Directory damage can also be caused by abrupt loss of power to the drive, or a bad data cable or other hardware-related issues. I don't use DW these days but I periodically run Disk Utility's disk checks on all my drives since directory problems tend to get worse as more & more file segments are overwritten.

Anecdotally, DW finds directory errors that are not report by Disk Utility. How important are these errors....?

It isn't so much directory errors as less than optimal directory B-tree structures in HFS or HFS+ volumes, especially noncontiguous (fragmented) allocation, catalog, extents overflow, or attribute files. (See the "Broad Structure" section of Technical Note TN1150 for more about HFS+ structures.)

Alsoft claims that an optimized directory is both faster & more reliable than an un-optimized one. That was probably quite true in the OS 9 days (slower drives & CPU's, no journalling, etc.) but I suspect it is not that important now.
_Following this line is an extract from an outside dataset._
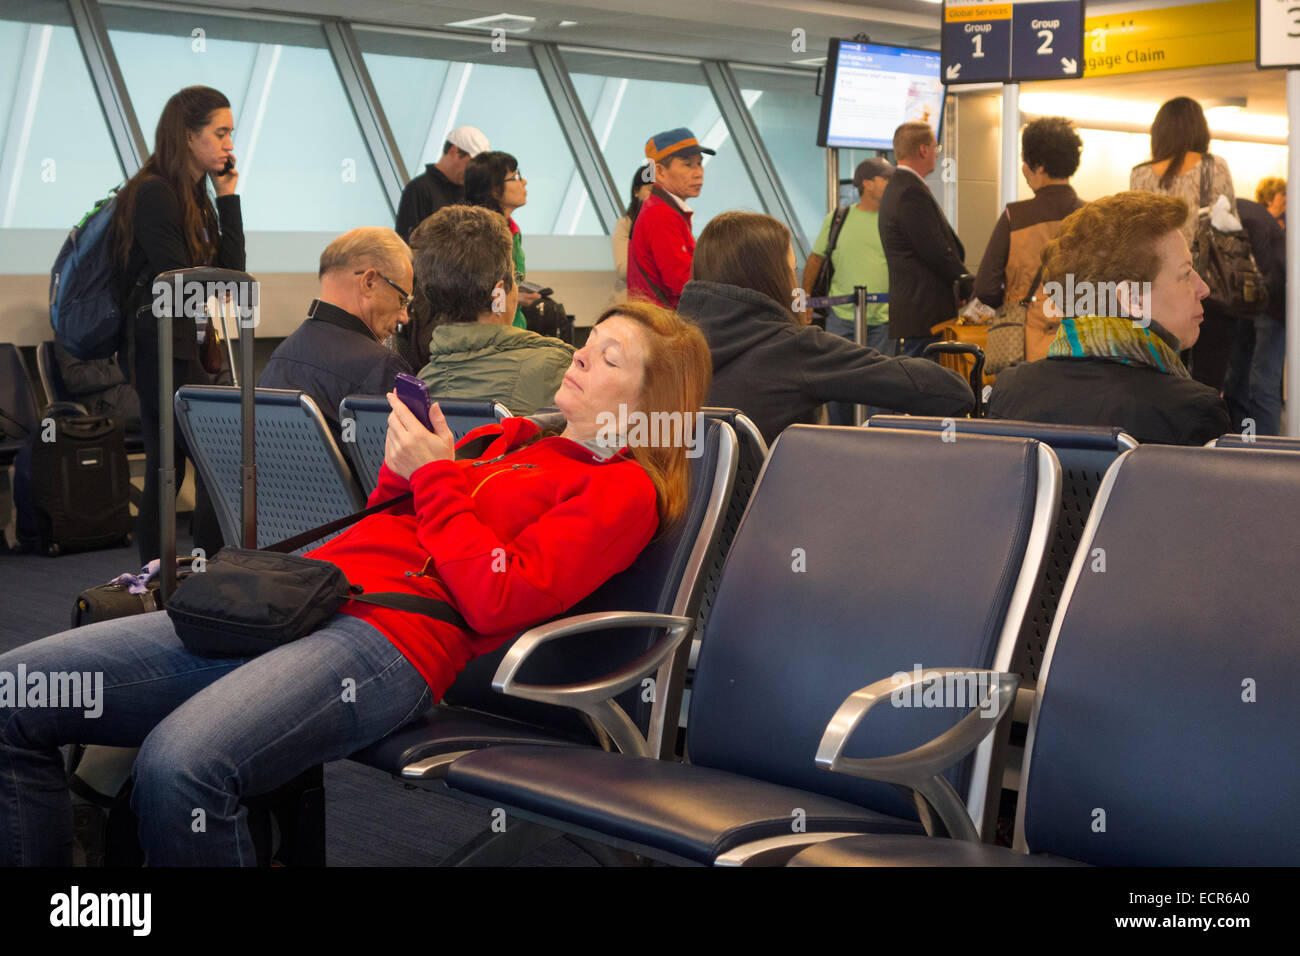 passengers waiting in JFK airport terminal Stock Photo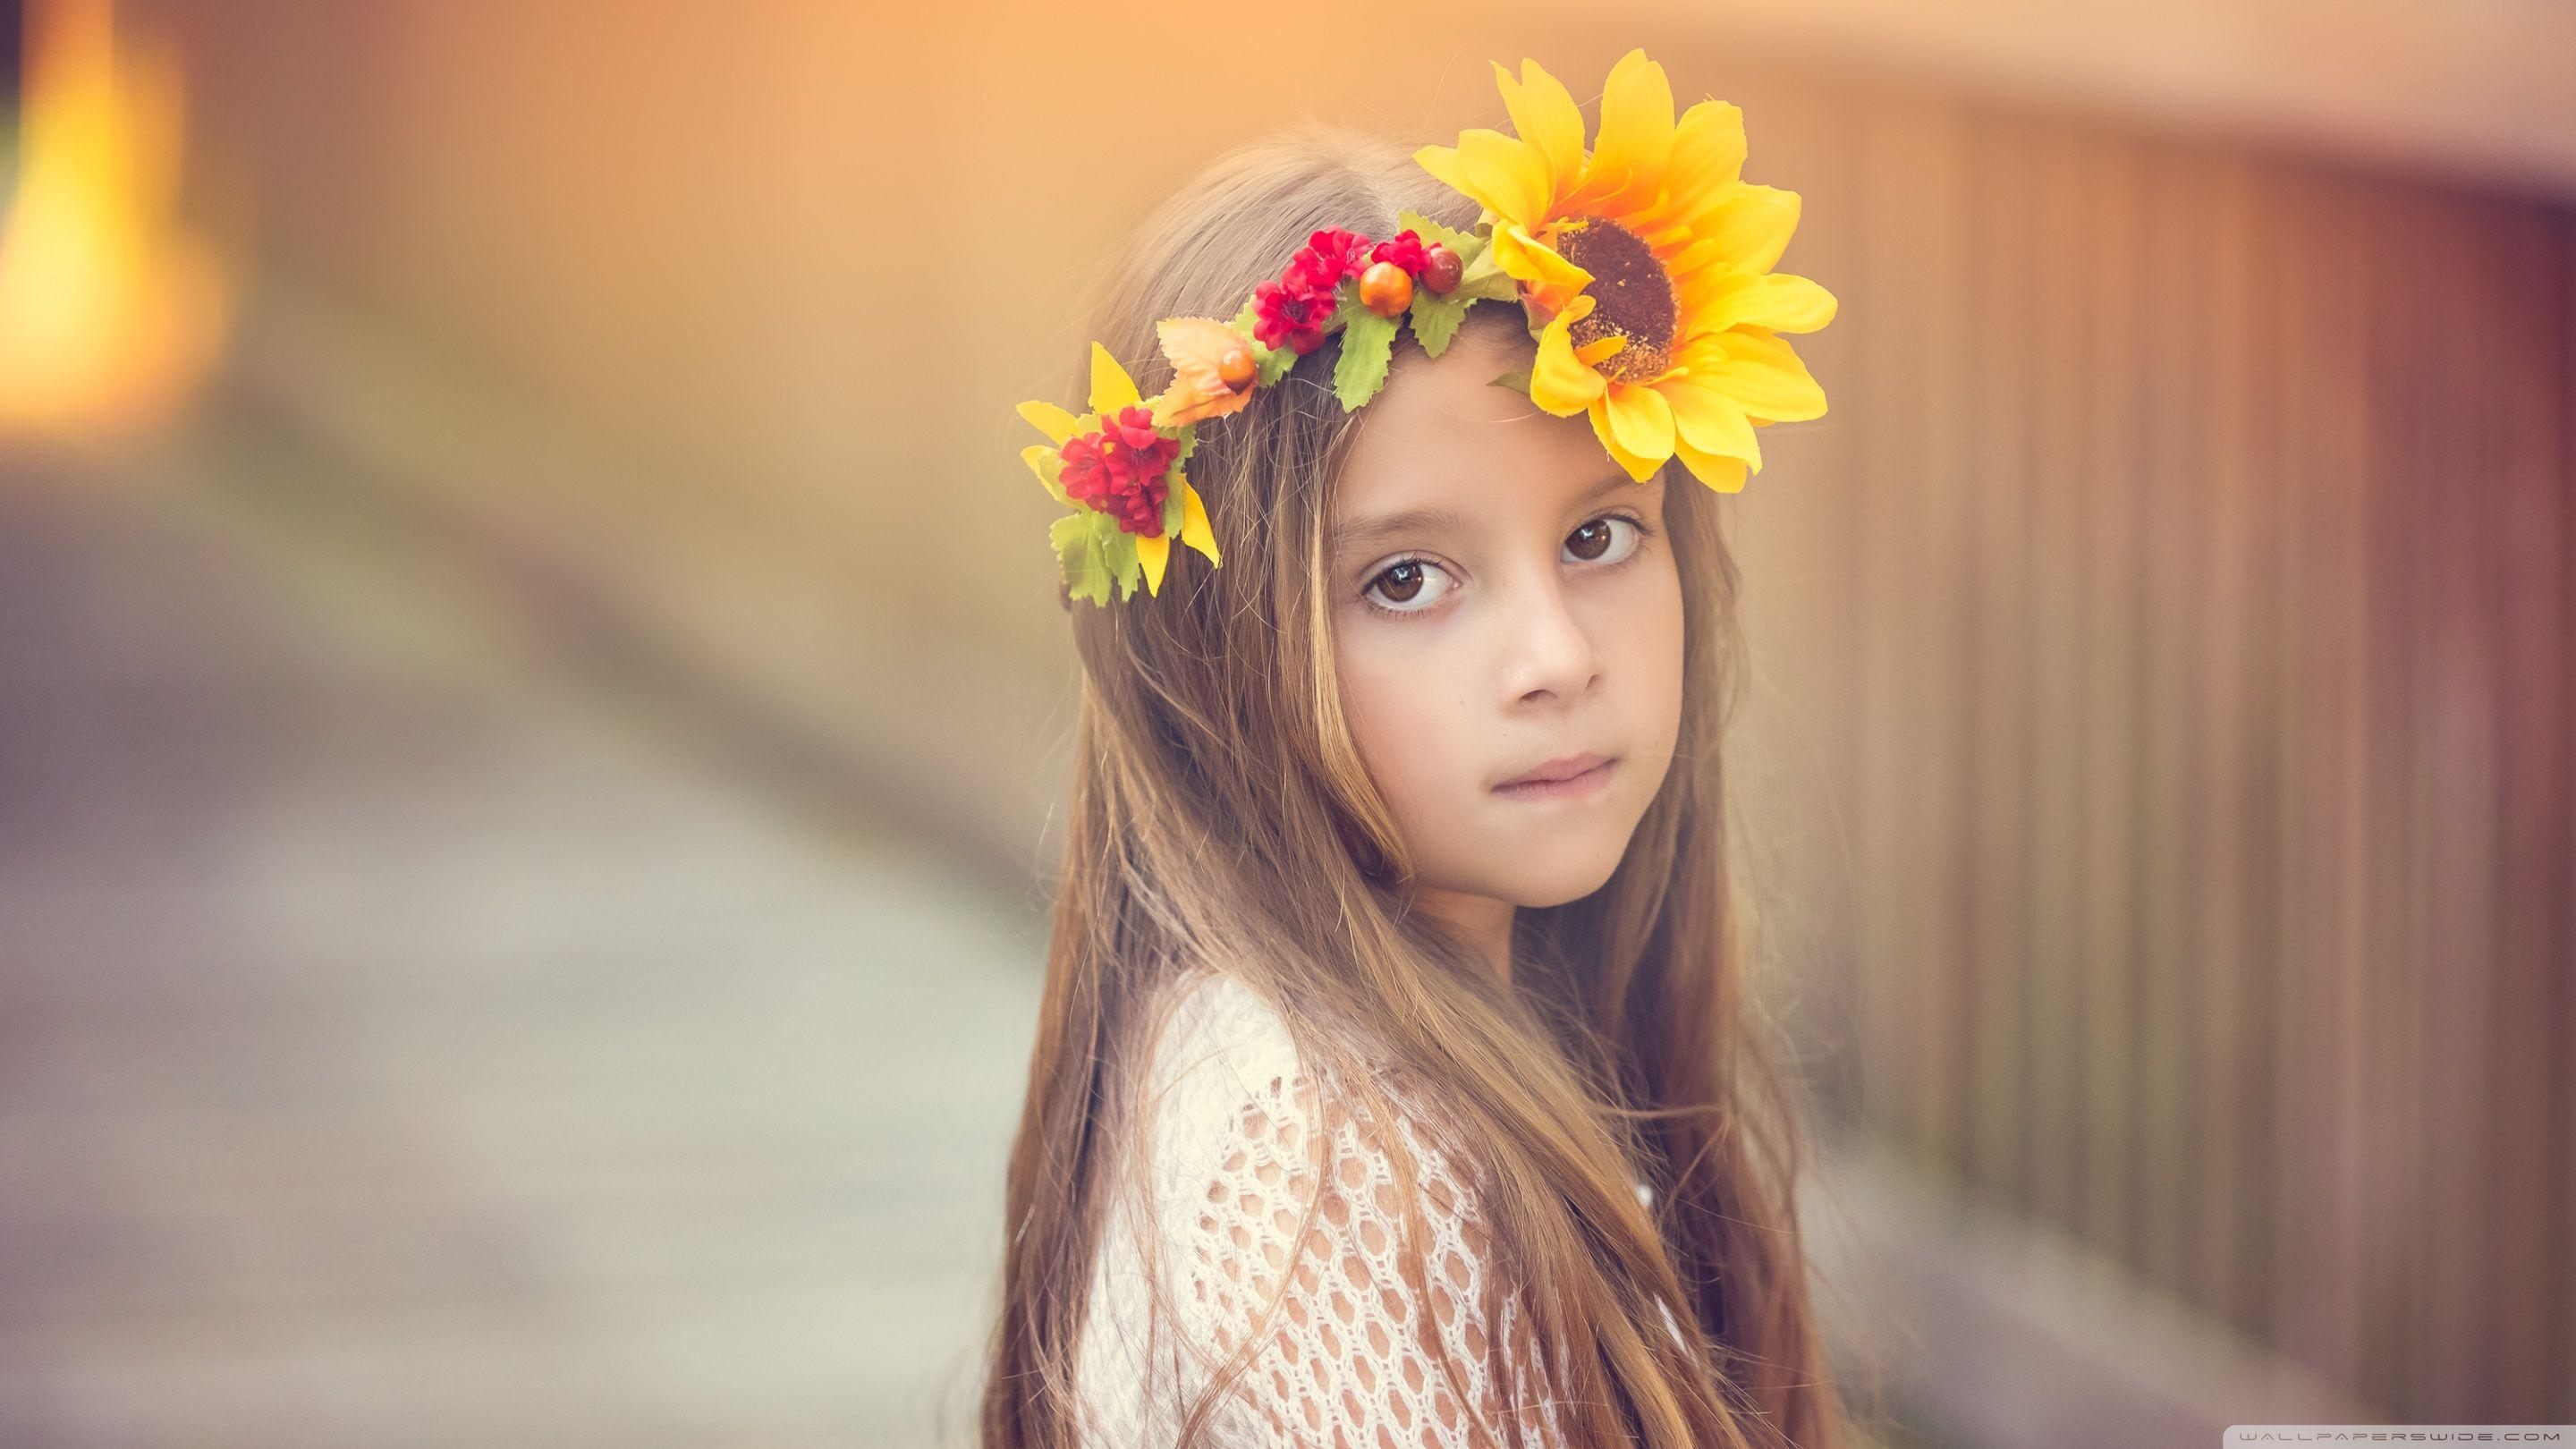 Child Girl Cute ❤ 4K HD Desktop Wallpaper for 4K Ultra HD TV • Wide

Still, if you are looking for the most reliable HD storage, it might be worth periodically running DW.

Sorry, one other (maybe obvious) comment relevant to SpinRite's data recovery abilities I forgot to add to my previous post:

Any utility that attempts data recovery by repeatedly reading a sector should be used with care. If the sector has become so unreliable that the drive can't recover the data without help, chances are that section of the platter has been damaged, for instance because some of its magnetic particles have flaked off due to age, thermal fatigue, mechanical shock, or a manufacturing defect.

At the microscopic flying height of a drive's head, even a tiny speck of dust is like a boulder in the road, & wherever it gets lodged between head & platter it is likely to gouge the surface, causing more particles to be dislodged in what becomes a cascading, run away failure mode all over the drive.

So it is always a good idea to get what data you can off the drive with the 'gentlest' possible methods before trying to recover anything else with something more stressful.

For the same reason, it probably isn't worth trying to return the drive to service after using SpinRite type more intensive recovery techniques.

Actually I would not rely on zero all from Disk Utility, nor does MicroMat. When I have had bad sectors, zero with DU did not. 7-way is more reliable and what Micromat recommended, but still not perfect.

You are better off with the manufacturer's own disk utility to do long format / zero / extended test and restore a drive.

There really isn't any such thing as a "long format" (if by that you mean a low level format) for modern drives using embedded servo technology.

The drive's heads are not capable of writing the servo tracks that supply the servo signals to position the head in the track with the required precision. For this reason, the drives hardware will not allow writing in this area. If it did, the drive would be rendered useless.